Евклид понял, что любое доказательство основывается на предыдущих результатах, которые, в свою очередь, были доказаны ранее. Но данный процесс не может длиться до бесконечности — нужно исходить из некоторых истин, которые считаются очевидными. Их Евклид называл аксиомами. Также должны существовать четкие определения используемых элементов; в геометрии, например, это точки, линии, треугольники, круги и так далее. На этой основе Евклид создал единую систему, в которой доказанные и предполагаемые результаты (в последнем случае — аксиомы) служат основой для доказательства других результатов. В отличие от аксиом, эти новые результаты, требующие доказательства, получили название теорем.

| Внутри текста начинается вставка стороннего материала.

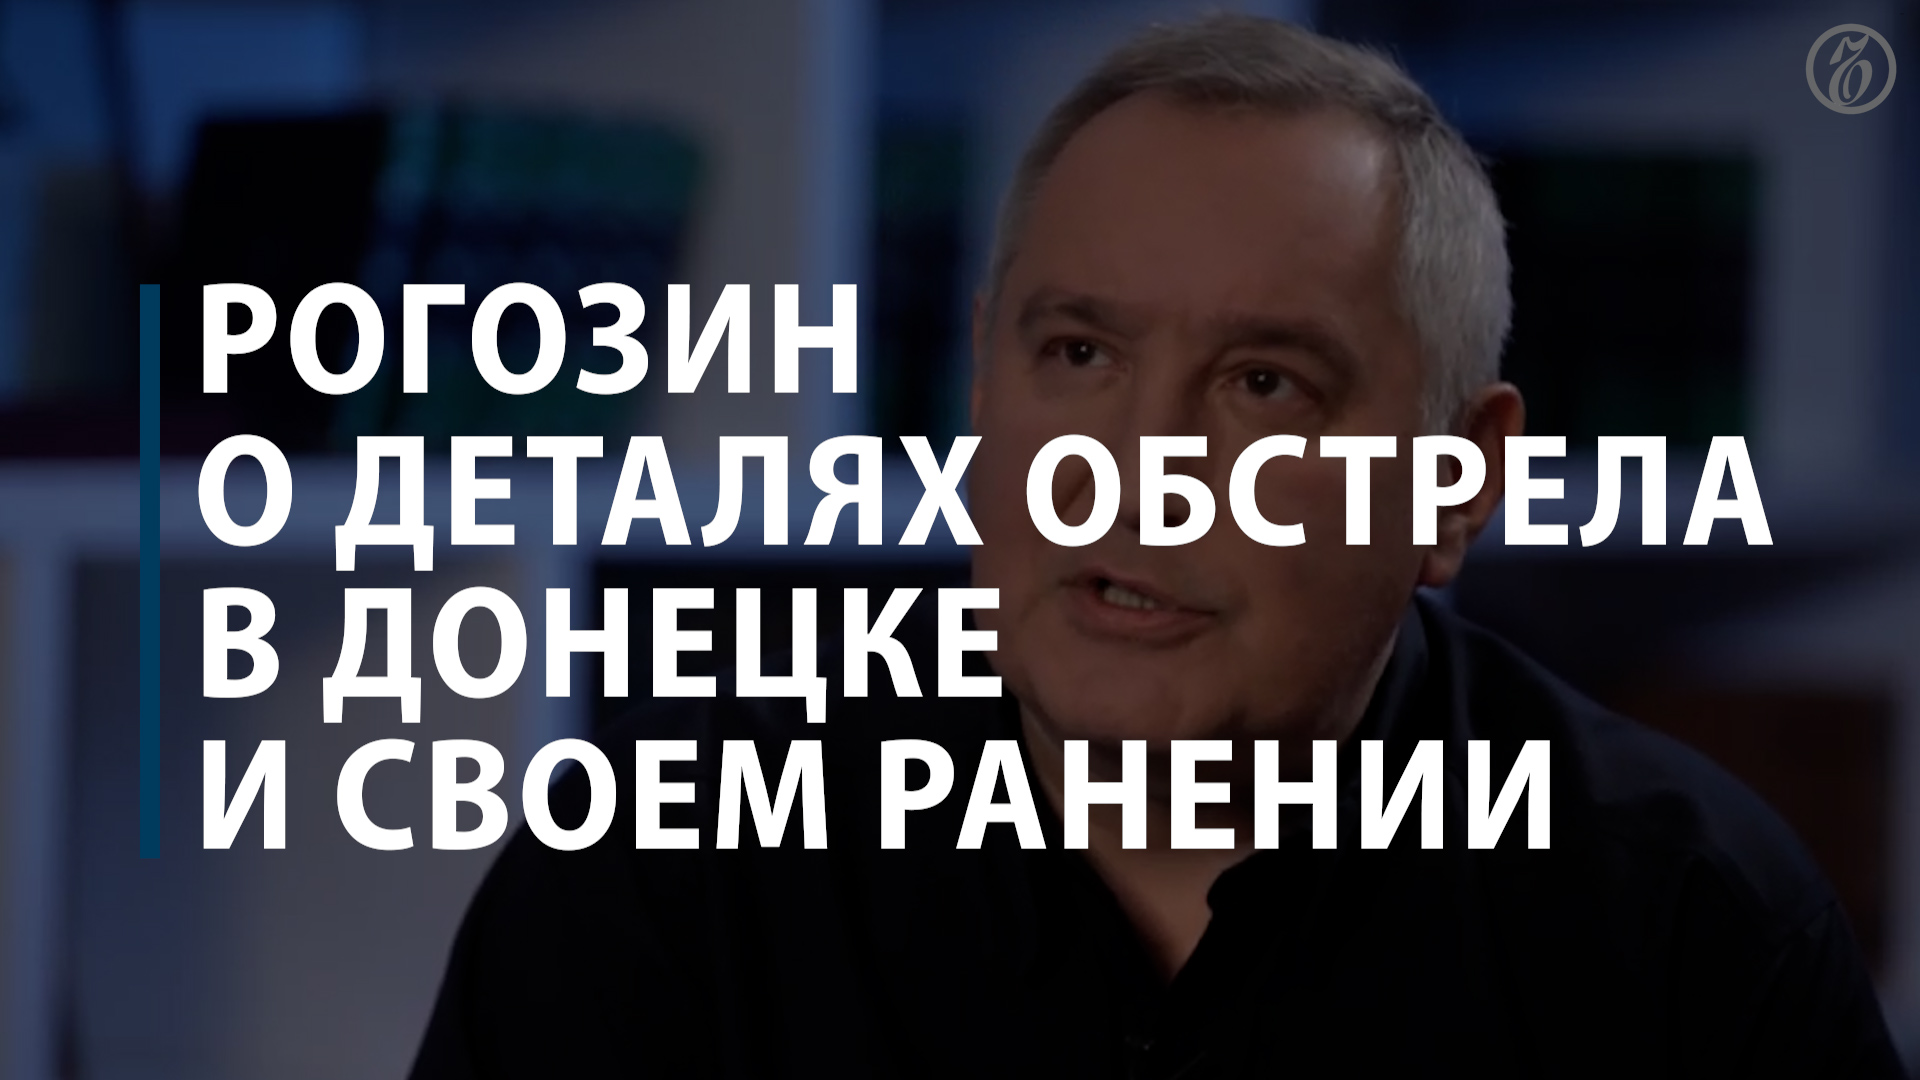 Рогозин о деталях обстрела в Донецке и своем ранении
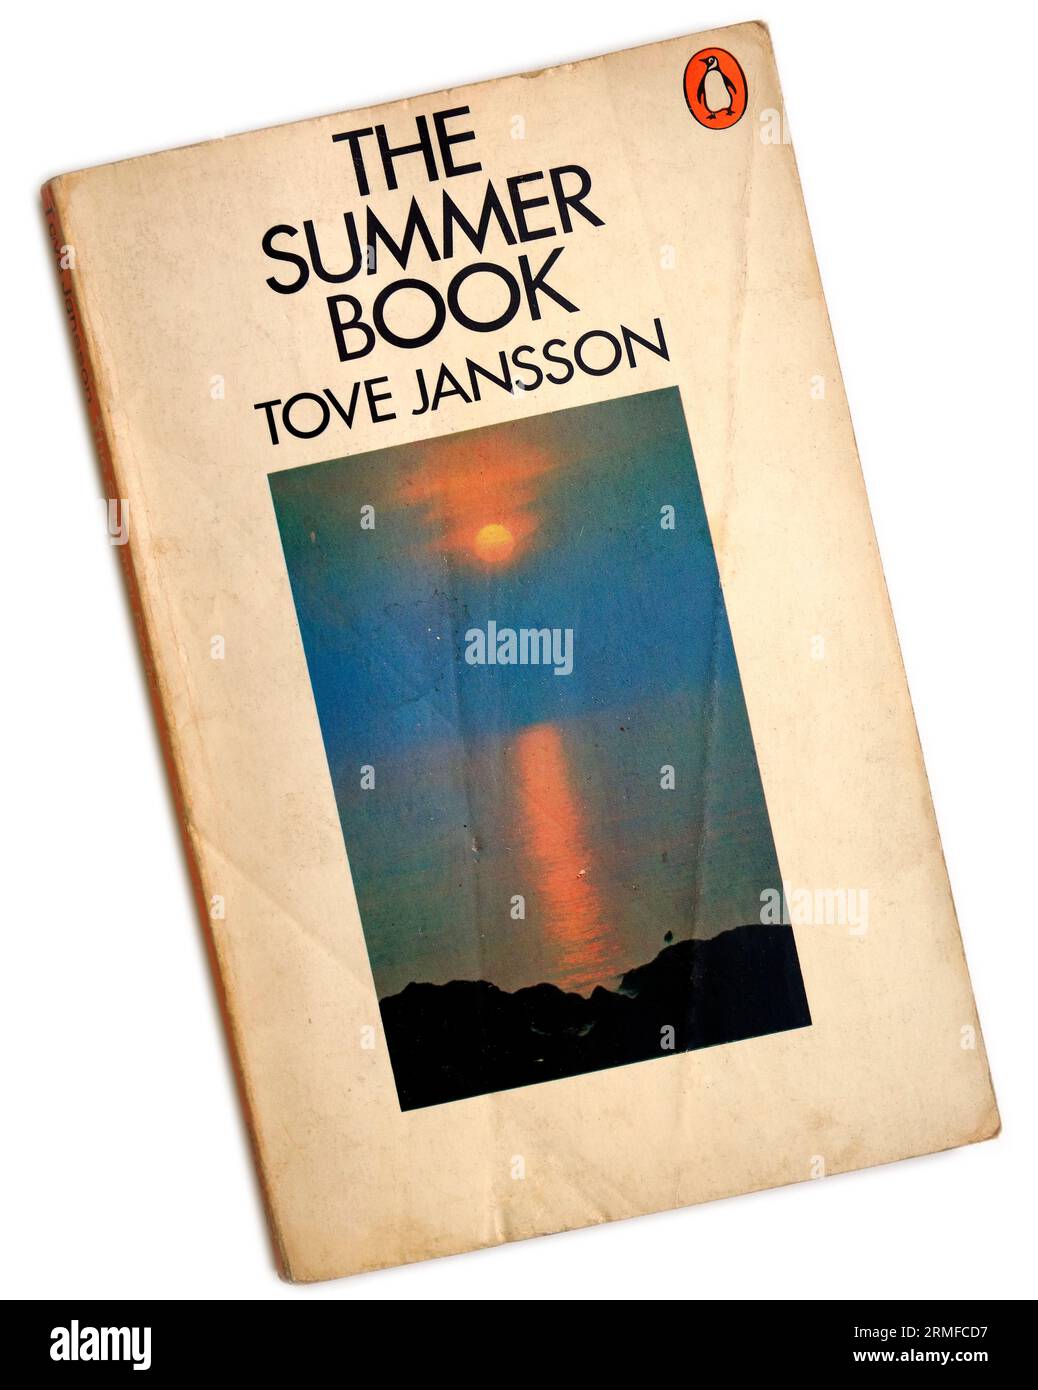 Tove Jansson - le livre d'été. Couverture de livre de poche sur fond blanc Banque D'Images

Повторяя эту операцию снова и снова, мы можем построить математическую теорию, похожую на дерево, на котором с помощью небольшого количества корней можно породить потенциально бесконечное количество веток и листьев. Какие- то из них более важны (более крепкие и плодородные в своем потенциале создания новых ветвей), чем другие, но все они одинаково истинные.
Рассказывают, что Птолемей I потребовал у Евклида обучить его математике, при этом не желая тратить много сил и времени. Он хотел, чтобы ученый упростил свои объяснения, на что тот ответил:
"Ваше Величество, то, о чем Вы меня просите, невозможно; необходимо пережить и пройти через все необходимые шаги, чтобы понять науку. Не существует царской дороги в математику".
Невозможно преувеличить важность евклидовой геометрии. Практически все последующие поколения математиков использовали ее в качестве отправной точки. Сегодня любой математик, предлагающий новую теорию (или пытающийся переформулировать существующую), пользуется системой Евклида. До самого XX века его книга — знаменитые "Начала" — была самой популярной после Библии и считалась отправной точкой и необходимым объектом изучения в университетах.
Но несмотря на невероятные результаты, некоторые нюансы деятельности Пифагора и школы, которую он основал, сегодня могут показаться неприемлемыми. Пифагорейцы представляли собой что-то вроде тайной религии или секты и, возможно, не сильно отличались от других секретных древнегреческих обществ, например элевсинских или орфических мистерий. Так же как и посвященные элевсинцы, пифагорейцы не могли открывать природу своей деятельности.
Пифагорейский мистицизм был тесно связан с идеей того, что число — это сущность природы. Но под числом пифагорейцы понимали не совсем то же, что и мы. Для них числа были только натуральными и теми, что могут быть выражены в виде частного натуральных (3/4,5/8 и так далее): множество рациональных положительных чисел.
Конечно, пифагорейцы умели измерять геометрические длины. Верные своей мистической вере в числовую сущность природы, они были уверены, что любую длину можно выразить рациональным положительным числом. Они ожидали, что геометрия будет открывать природу, подобно любой естественной науке или музыкальной гармонии, также открытой ими.
И тут произошла катастрофа. Согласно легенде, один из учеников Пифагора доказал, что гипотенуза прямоугольного треугольника не является числом в том смысле, который назначали этому понятию пифагорейцы. Как ни удивительно, речь шла о самым простом прямоугольном треугольнике, у которого два катета имеют длину, равную единице, — о треугольнике не только прямоугольном, но и равнобедренном. Действительно, в данном случае гипотенуза, согласно собственно теореме Пифагора, равна √2.
Но √2 нельзя выразить в виде рационального положительного числа! Это то, что мы сегодня называем иррациональным числом, так как его нельзя выразить в виде отношения между двумя натуральными числами. Именно это, как говорит легенда, доказал Гиппас из Метапонта (ок. 500 до н. э.), строптивый ученик, за что его (или за то, что он открыл миру свое доказательство), как говорят, утопили в море рядом с Кротоной. Здесь мы видим типичный случай доказательства от противного, в котором предполагается противоположное тому, что нужно доказать, и, в свою очередь, доказывается, что это предположение приводит к неразрешимому противоречию с уже доказанной истиной. Это один из самых мощных способов доказательства в математике, при котором, как говорил британский ученый Годфри Харди (1877-1947), математик рискует сильнее, чем любой шахматист с его гамбитом: он рискует всей игрой.